Addio Mandela, "santo" d'Africa

Ha traghettato il Paese dell’apartheid verso la democrazia multirazziale. Ha commesso errori, ma il suo carisma era tale che gli sono stati perdonati

Nelson Mandela, in una foto scattata nel 1990
Nelson Mandela, in una foto scattata nel 1990

«Se soltanto trovassimo una pozione magica per farlo tornare gio­vane… ». In un Sudafrica che, dopo la fine della sua presiden­za nel 1999, si è progressiva­mente avvitato in una specie di crisi esistenziale che rischia di compromettere la sua eredità, milioni di cittadini solevano in­vocare un suo impossibile ritor­no sulla scena politica anche dopo che aveva compiuto i no­vant’anni. E ora che si è spento, Nelson Mandela è destinato a diventare un personaggio leg­gendario, l’incarnazione di un sogno che, purtroppo, si è avve­rato solo in piccola parte: quel­lo della «nazione arcobaleno», in cui neri, bianchi, indiani e meticci avrebbero convissuto in armonia e prosperità.

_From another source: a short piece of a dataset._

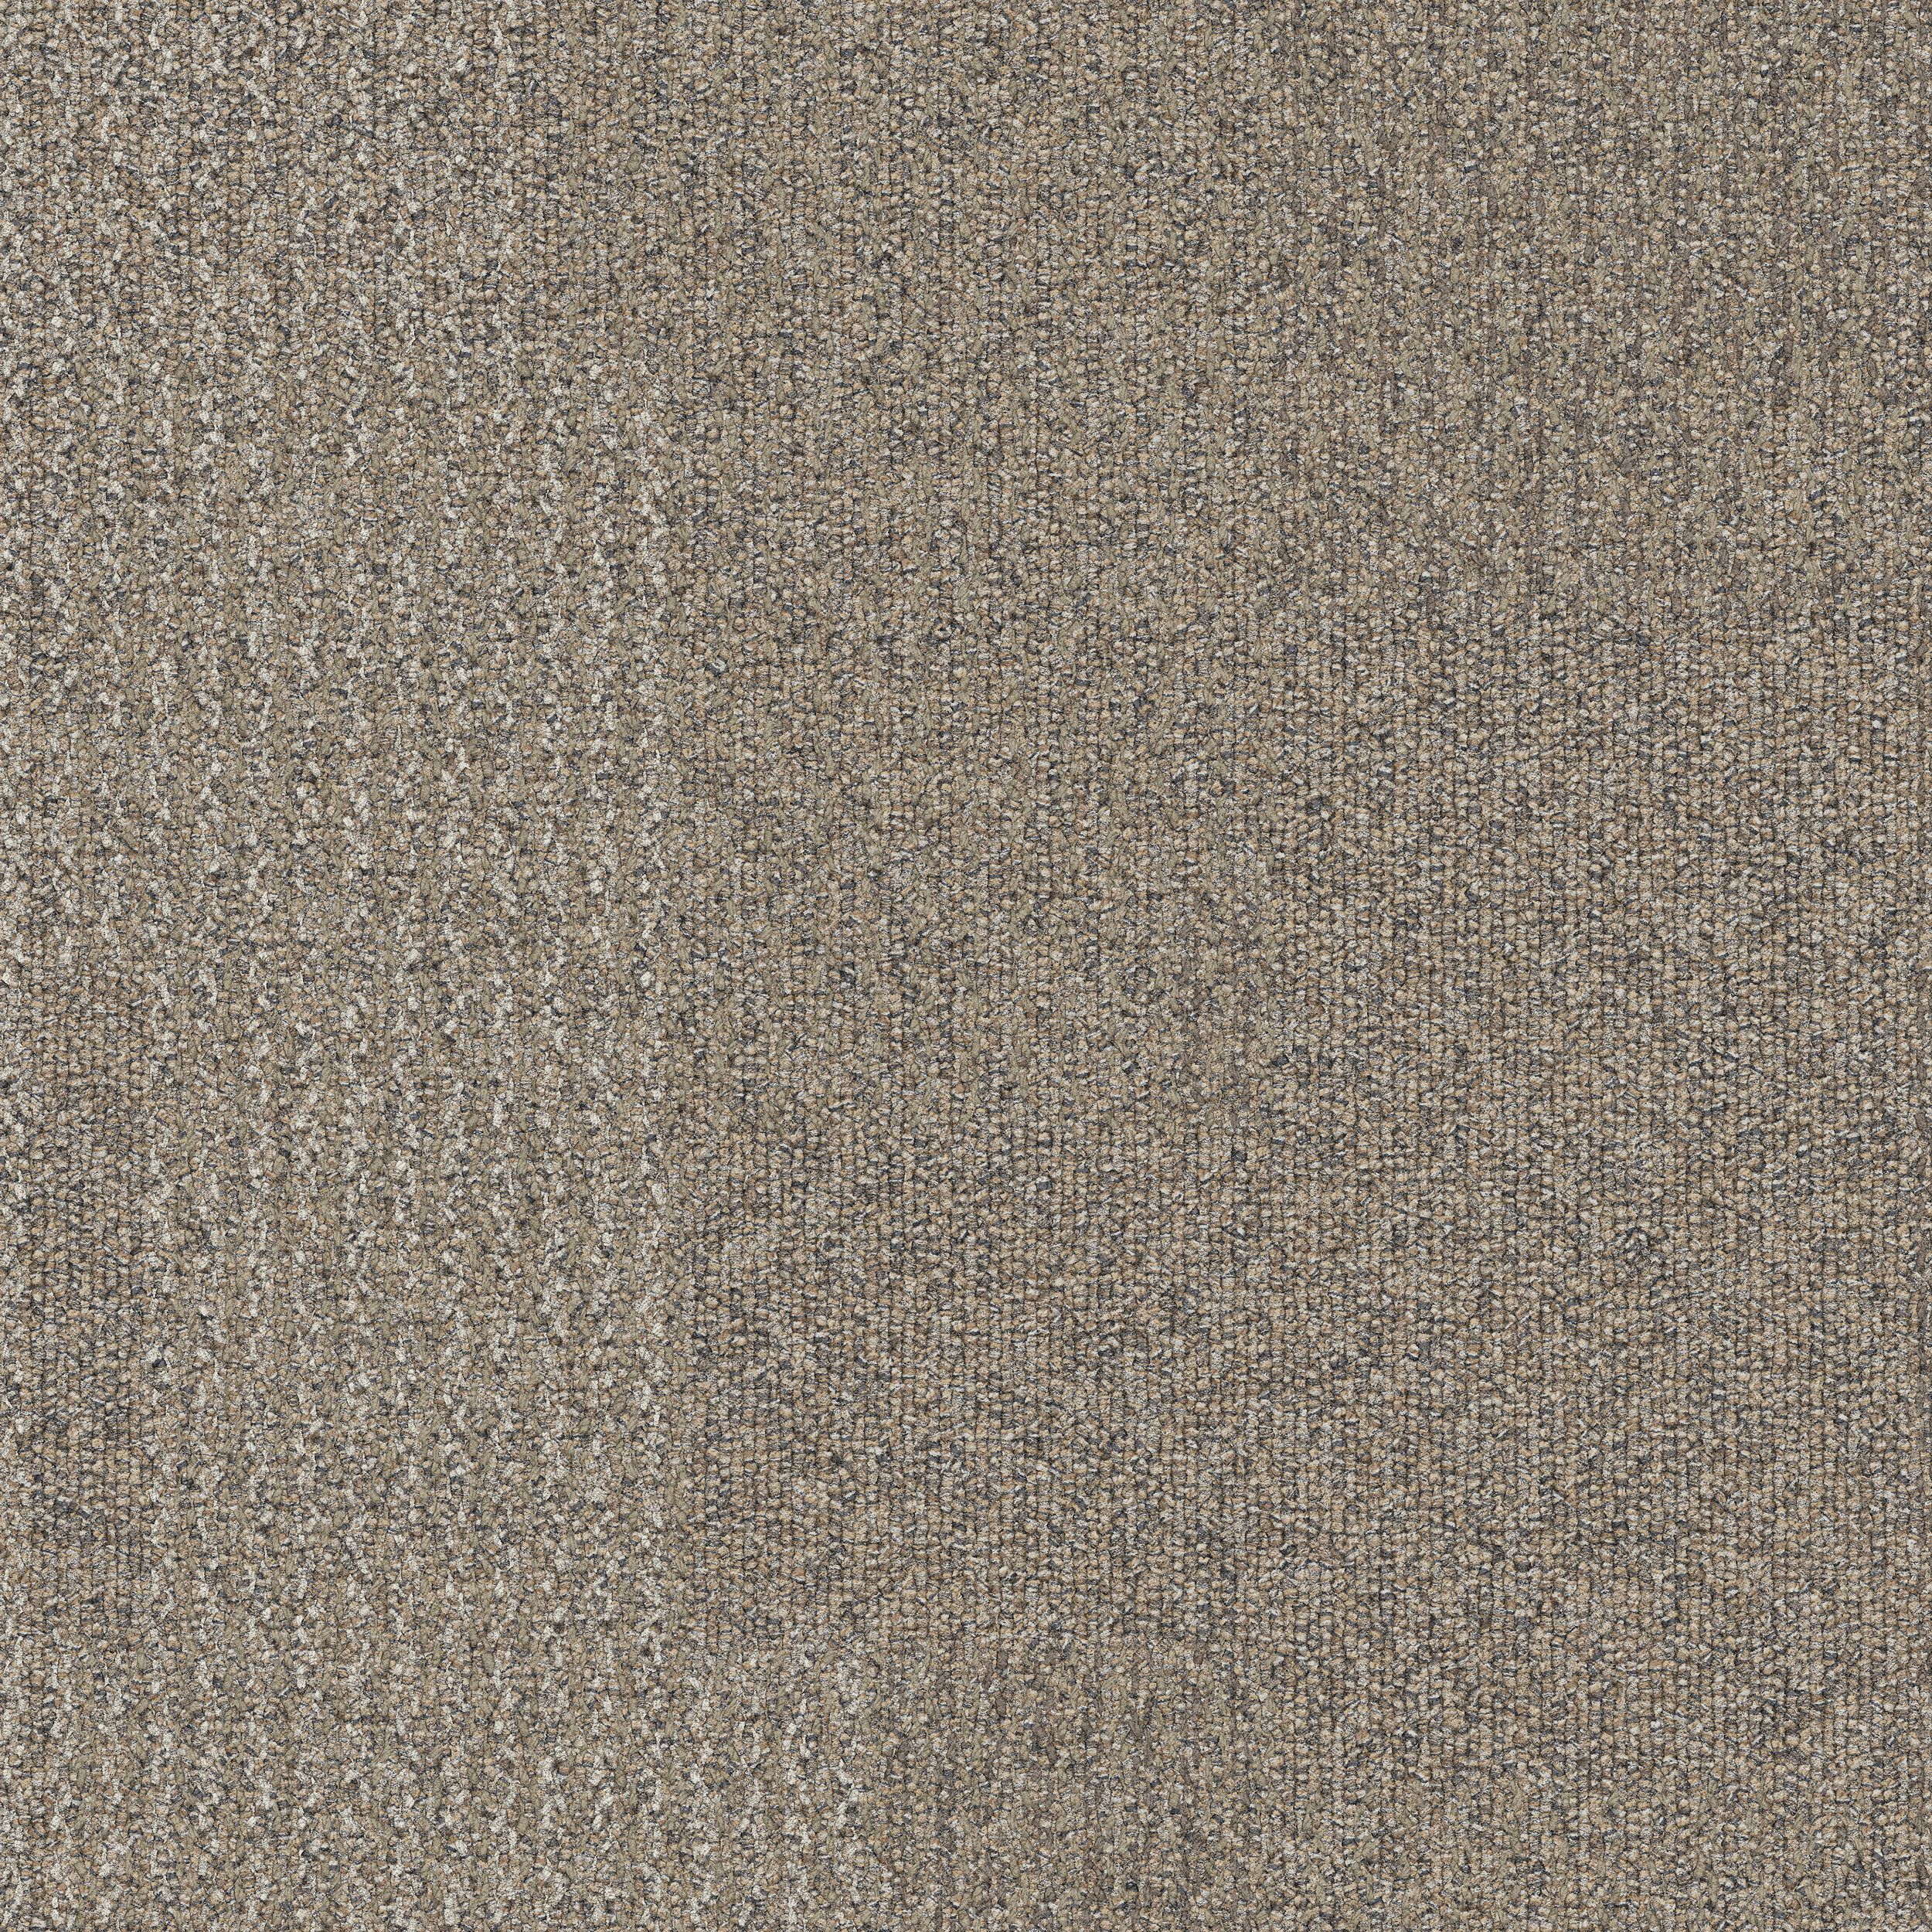 Transformation Carpet Tile Wadi variation.

Se do­vessimo sti­lare una classifica tra i vincito­ri del No­bel per la pace del­l’u­ltima ge­nerazione, Mandela è sicuramen­te quello che lo ha meritato più di tutti, perché il passaggio senza spar­gimento di sangue e senza col­lassi economici dal vecchio re­gime di supremazia bianca a una democrazia dominata dal­la maggioranza nera è stato un capolavoro politico forse sen­za eguali nel mondo moderno. L'età avanzata e una certa fragi­lità, dovuta anche ai 27 anni tra­sco­rsi nel carcere di massima si­curezza di Robben Island, non gli hanno consentito di portare l'impresa a compimento. Il suo posto nella storia, perciò, non dipenderà tanto da quello che è riuscito a realizzare nei suoi quattro anni da primo presi­dente nero della Repubblica su­dafricana, quanto dalla sua ca­pacità di imporre le prospetti­ve di una società unita, al di là delle laceranti divisioni che hanno caratterizzato la sua sto­ria.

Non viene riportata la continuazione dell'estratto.